Task instructions: When the string "home" appears in a line of the records, show the whole line.

Available data:
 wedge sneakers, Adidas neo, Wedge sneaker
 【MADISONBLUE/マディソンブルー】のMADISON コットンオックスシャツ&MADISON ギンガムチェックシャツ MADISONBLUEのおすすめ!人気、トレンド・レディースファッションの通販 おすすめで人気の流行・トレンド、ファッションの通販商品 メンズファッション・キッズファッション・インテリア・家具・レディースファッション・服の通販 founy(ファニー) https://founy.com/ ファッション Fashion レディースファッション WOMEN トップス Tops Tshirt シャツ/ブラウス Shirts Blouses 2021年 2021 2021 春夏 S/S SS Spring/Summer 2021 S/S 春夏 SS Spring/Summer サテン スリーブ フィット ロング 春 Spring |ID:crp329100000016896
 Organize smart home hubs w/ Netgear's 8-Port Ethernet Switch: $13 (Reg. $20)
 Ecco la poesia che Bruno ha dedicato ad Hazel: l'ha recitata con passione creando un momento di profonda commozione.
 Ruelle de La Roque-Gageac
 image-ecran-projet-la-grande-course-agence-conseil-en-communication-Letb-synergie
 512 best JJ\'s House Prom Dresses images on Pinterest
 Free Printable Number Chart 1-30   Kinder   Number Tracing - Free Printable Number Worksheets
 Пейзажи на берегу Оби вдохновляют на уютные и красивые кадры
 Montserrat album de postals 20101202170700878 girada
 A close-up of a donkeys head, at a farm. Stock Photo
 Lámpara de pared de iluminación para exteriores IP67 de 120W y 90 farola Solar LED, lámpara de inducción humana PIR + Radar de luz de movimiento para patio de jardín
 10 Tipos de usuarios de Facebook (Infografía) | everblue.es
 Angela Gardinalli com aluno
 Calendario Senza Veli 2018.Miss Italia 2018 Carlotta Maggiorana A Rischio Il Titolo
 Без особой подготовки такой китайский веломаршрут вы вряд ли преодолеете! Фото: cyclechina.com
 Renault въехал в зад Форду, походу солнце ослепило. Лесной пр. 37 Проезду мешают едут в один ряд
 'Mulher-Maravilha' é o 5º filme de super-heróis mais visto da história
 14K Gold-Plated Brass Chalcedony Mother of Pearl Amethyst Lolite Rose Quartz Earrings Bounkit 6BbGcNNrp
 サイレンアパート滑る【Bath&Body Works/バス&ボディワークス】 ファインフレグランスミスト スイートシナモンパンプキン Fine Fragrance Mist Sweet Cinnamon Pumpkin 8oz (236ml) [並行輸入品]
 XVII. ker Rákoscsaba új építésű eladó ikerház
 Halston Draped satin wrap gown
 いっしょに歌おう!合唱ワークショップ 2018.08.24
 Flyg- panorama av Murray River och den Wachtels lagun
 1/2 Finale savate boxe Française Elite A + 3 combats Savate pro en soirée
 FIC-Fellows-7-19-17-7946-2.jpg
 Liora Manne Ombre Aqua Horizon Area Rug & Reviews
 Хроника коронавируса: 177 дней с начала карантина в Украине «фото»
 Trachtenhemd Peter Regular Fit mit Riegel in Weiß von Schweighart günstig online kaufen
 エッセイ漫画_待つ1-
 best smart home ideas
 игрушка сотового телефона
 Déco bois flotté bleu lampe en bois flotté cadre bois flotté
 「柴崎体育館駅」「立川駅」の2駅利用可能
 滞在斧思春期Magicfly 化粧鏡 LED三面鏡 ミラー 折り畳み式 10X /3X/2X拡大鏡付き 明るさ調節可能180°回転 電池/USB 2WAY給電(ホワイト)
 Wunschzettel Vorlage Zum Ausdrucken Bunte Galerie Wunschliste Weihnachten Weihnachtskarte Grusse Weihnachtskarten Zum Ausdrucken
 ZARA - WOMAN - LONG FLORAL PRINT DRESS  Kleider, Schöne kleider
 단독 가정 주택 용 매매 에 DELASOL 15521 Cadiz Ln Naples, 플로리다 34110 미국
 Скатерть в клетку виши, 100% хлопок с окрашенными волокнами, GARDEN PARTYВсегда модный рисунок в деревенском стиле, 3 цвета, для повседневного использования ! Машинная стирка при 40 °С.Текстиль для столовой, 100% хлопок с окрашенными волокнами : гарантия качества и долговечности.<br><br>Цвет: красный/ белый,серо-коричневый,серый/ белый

Result of the exercise:
 Organize smart home hubs w/ Netgear's 8-Port Ethernet Switch: $13 (Reg. $20)
 best smart home ideas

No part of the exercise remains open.